[Exercise data Boundary: Start]

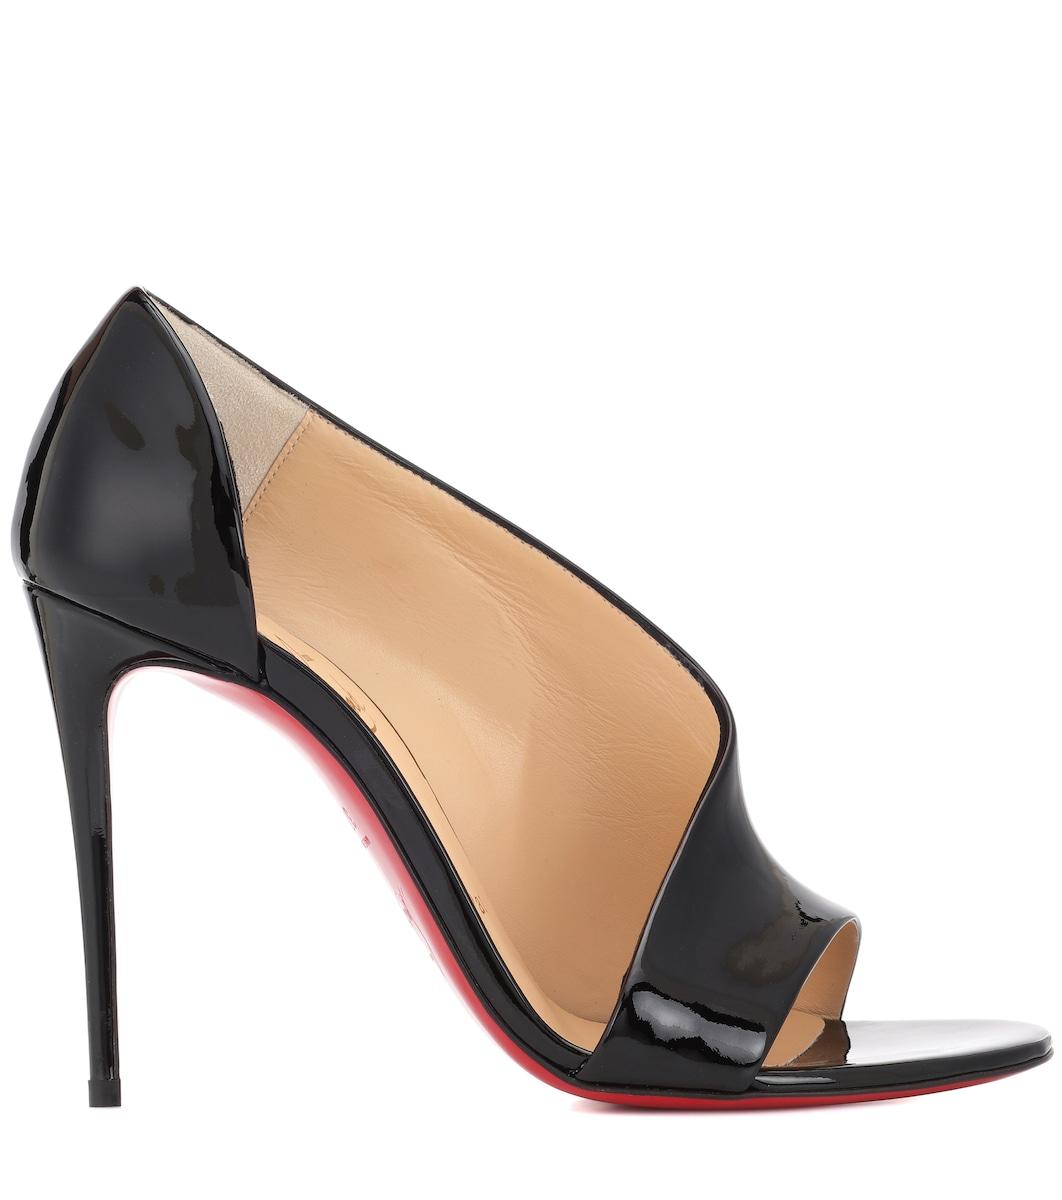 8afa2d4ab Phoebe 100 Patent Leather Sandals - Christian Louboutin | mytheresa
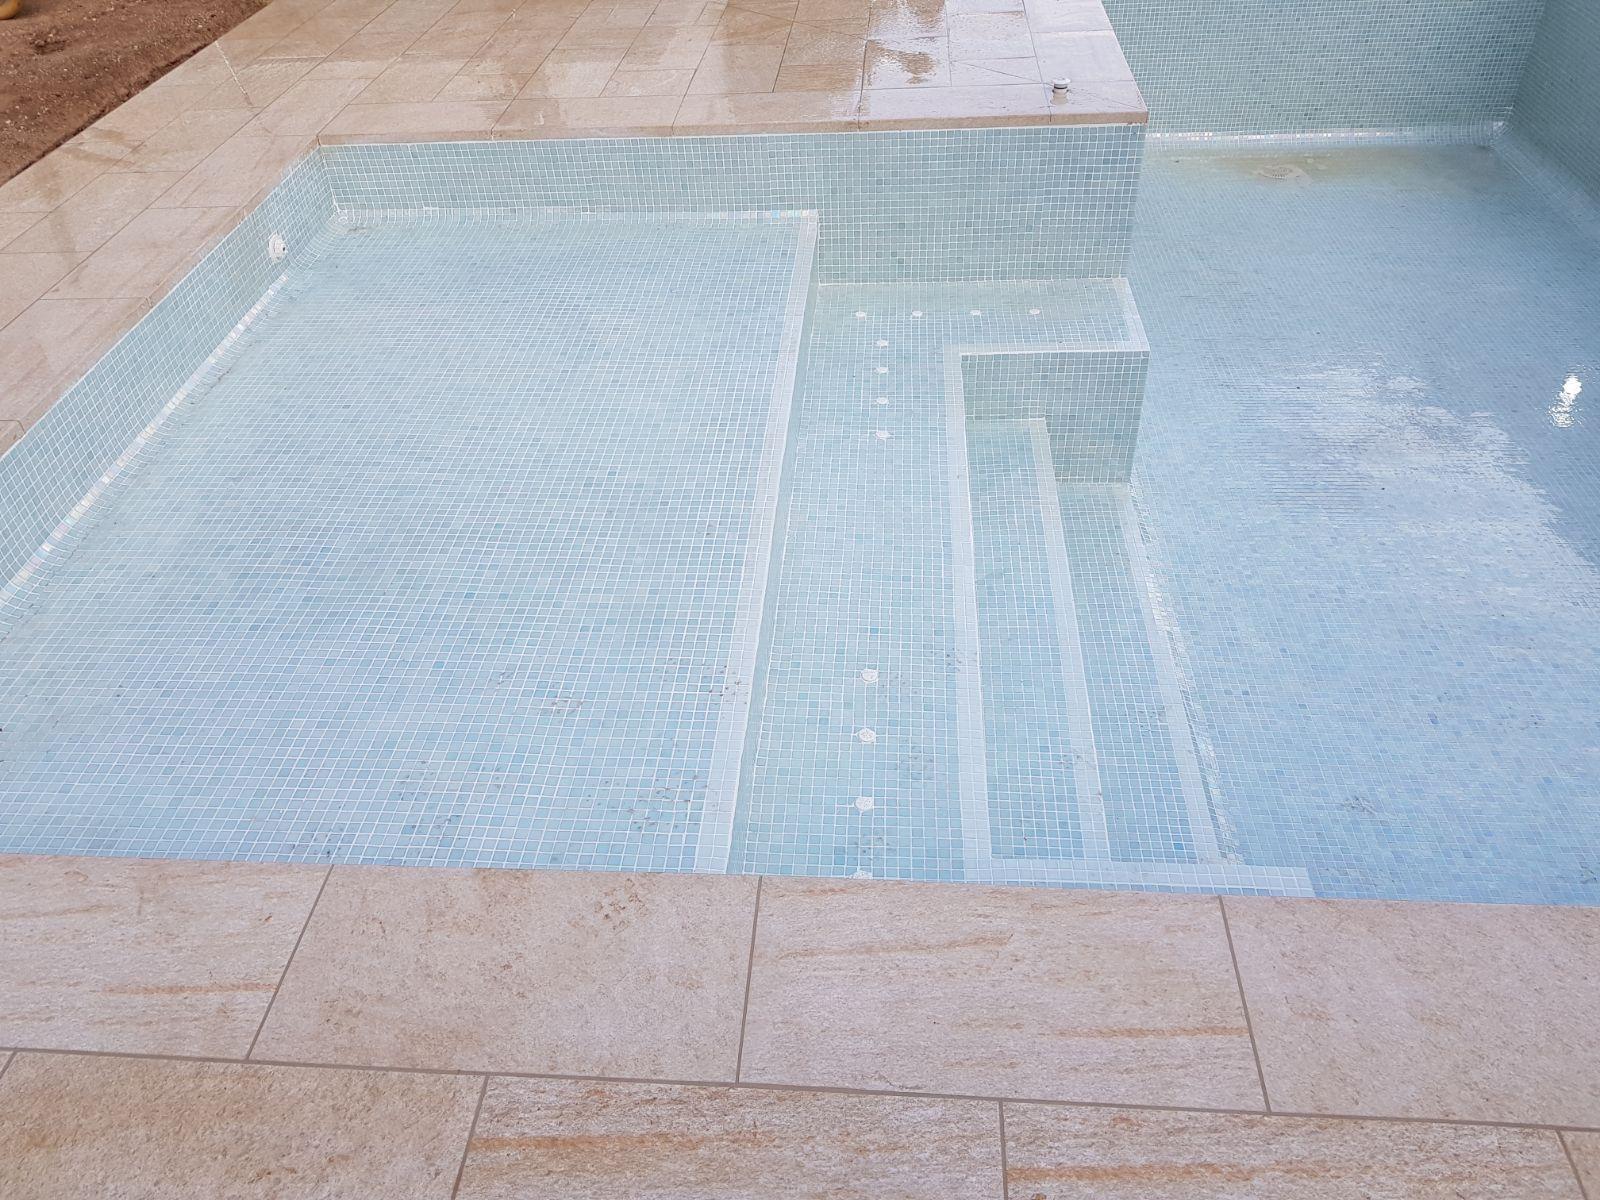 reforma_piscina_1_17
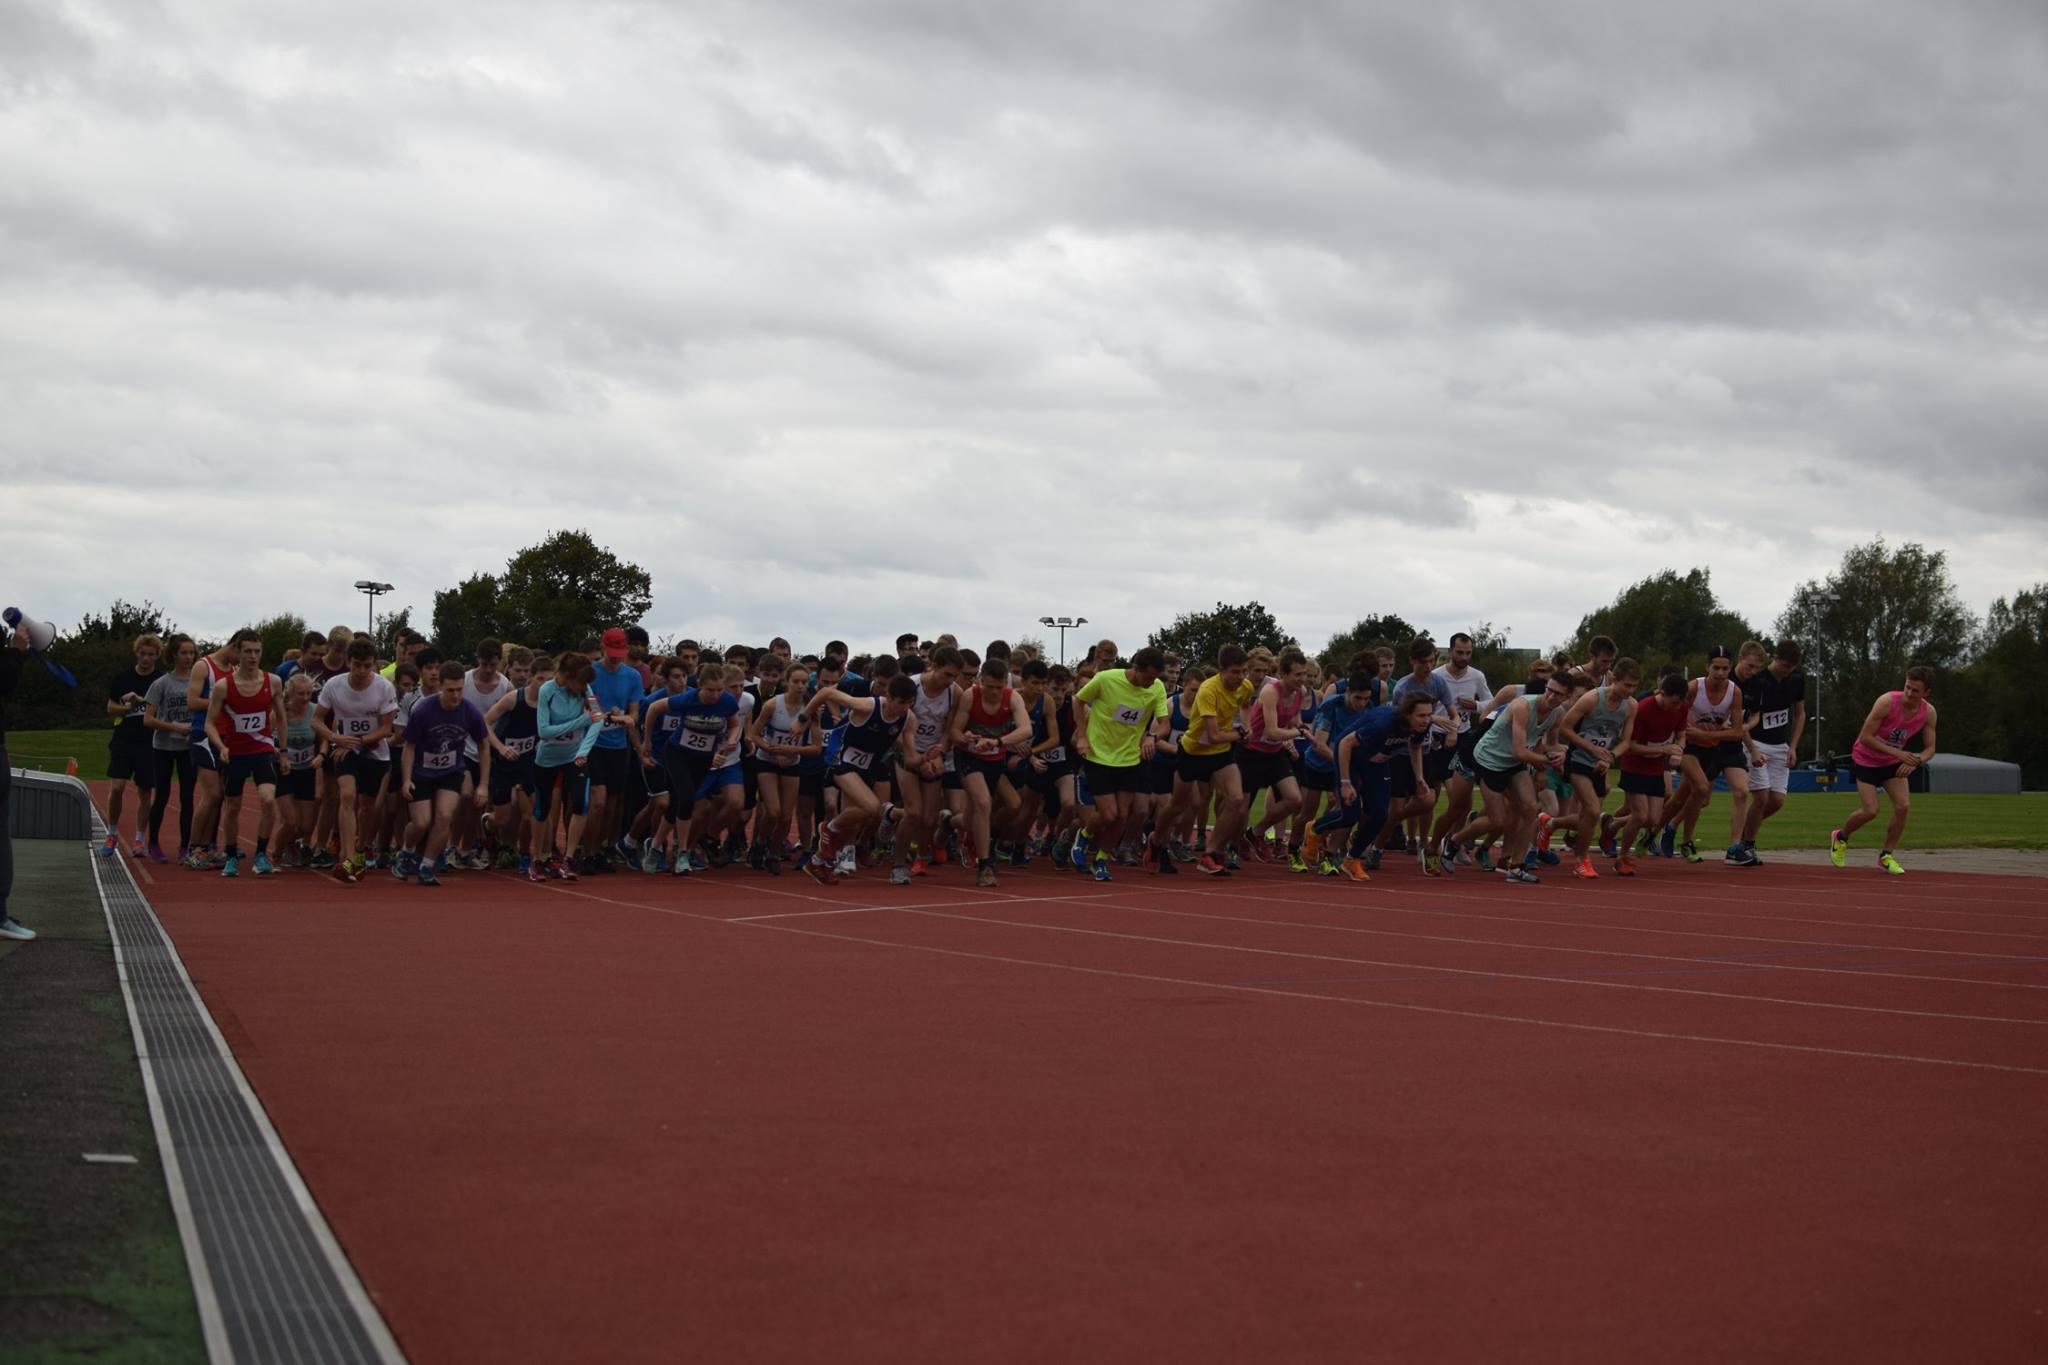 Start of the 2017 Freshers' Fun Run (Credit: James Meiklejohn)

[Exercise data Boundary: End]

The lines from the one containing "reforma_piscina_1_17" through the last line above are to be repeated exactly, and only those. Any pictures must be left out.

__Written reply__
 reforma_piscina_1_17
 Start of the 2017 Freshers' Fun Run (Credit: James Meiklejohn)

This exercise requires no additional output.